Has virtualization become a buzzword in your strategic plan? Take the advice from someone who has spent years supporting VMware in three different enterprise environments – think before you V.

If all you plan is a small experimental cluster of virtual servers, it’s no big deal. The software is even free. VMware ESXi is the best way to go. But, remember, it’s only a seed for future growth. Growth will evolve into a nest of unexpected problems if you don’t think before you start to roll out ESXi hosts for your DEV, QA, and PROD environments.

V is not for Vendetta

Cynical as this may sound, it’s more truth than fiction! Five months from the day the first ESXi host is deployed in your datacenter you will have users complaining about poor performance, and your smartest system administrators will begin many long hours of research to solve riddles for virtualization backups, migrations, storage, and other strange unknown glitches that are attributed to the “V” word.

Fix for SCSI Errors Filling Up Logs

If you are dabbling as I said earlier go for it. Virtual servers are fun to work with – that is – until you get too many on one host and you need to reboot the host but you can’t because there is a DEV server that somehow has become a production server and is running a business-critical application that absolutely cannot be bounced! Now you are caught between complaining users, worried managers and not knowing for sure if the fix applied by your system administrator will be the solution for the SCSI errors that are filling up the logs and killing performance. All you need to do is bounce the host to see if changing the queue depth does the job. It should be because the ESX command was found by your system administrator when Googling “Fix for SCSI Errors Filling Up Logs”

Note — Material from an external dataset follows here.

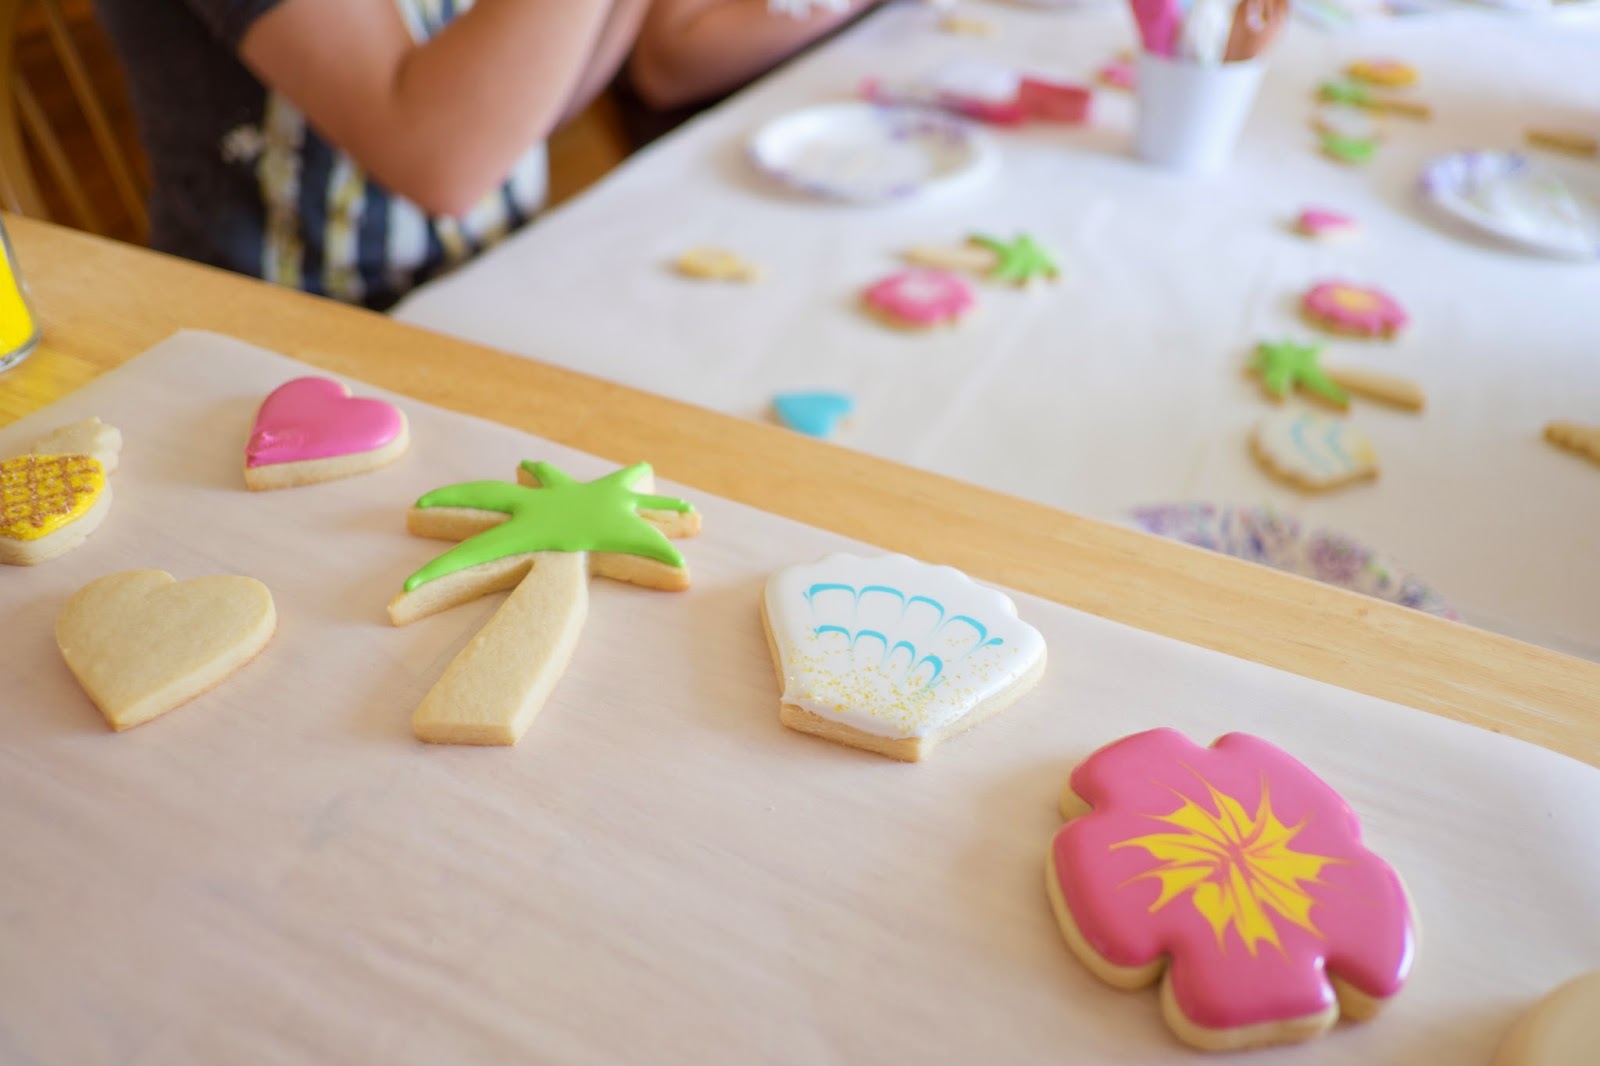 Decorating Sugar Cookies From Start to Finish- Part 2 - Glorious Treats

and reading through 50,000 threads about SCSI errors and VMware.

I am not trying to be sarcastic; I am trying to make you think! The incident about the SCSI error is a real situation that has played out in two of the three VMware virtual environments I have worked in. Google “SCSI error” + VMware and see for yourself.

Ignorance and Arrogance

The two biggest problems I have noticed since I started supporting VMware are ignorance and arrogance. Here’s what I mean.

“I” is for Ignorance

First, just about every virtual environment starts off with ignorant managers who do not understand what’s required to build a successful virtual environment. They just know everyone else is doing it and it’s supposed to save a lot of money. Unfortunately, all the future savings will go out the windows with support and license costs, and lost labor. Support and license costs are easy enough to understand, but what do I mean by lost labor? Well, lost labor is the many hours, days, and weeks that your top system administrators spend trying to solve VM riddles. Even when you purchase expensive to support the problems don’t go away. In most cases, someone just finds a work-around because the solution for the root cause is purchasing a new SAN or more powerful hardware because someone didn’t bother to check the HCL (hard compatibility list).

“A” is for Arrogance

Oh, then there are the problems associated with arrogance. Here’s how this one plays out. You and the stakeholders decide to deploy a virtual infrastructure to save money, right? You start with the basic package of three hosts and a virtual center which quickly grows to 16 and 32 hosts (whistles and bells included are: vMotion, HA, DRS). Then you schedule a 30-minute meeting with your systems team and pick your best system administrator to lead the “Virtualization Project” (maybe even send him to training). He/she has built a ton of servers and even has an MCSE or RHCE. VMware is easy to set up. Just load the hosts, install the virtual center, and start building and P2Ving servers into the environment. It’s so easy, anybody can do it, right?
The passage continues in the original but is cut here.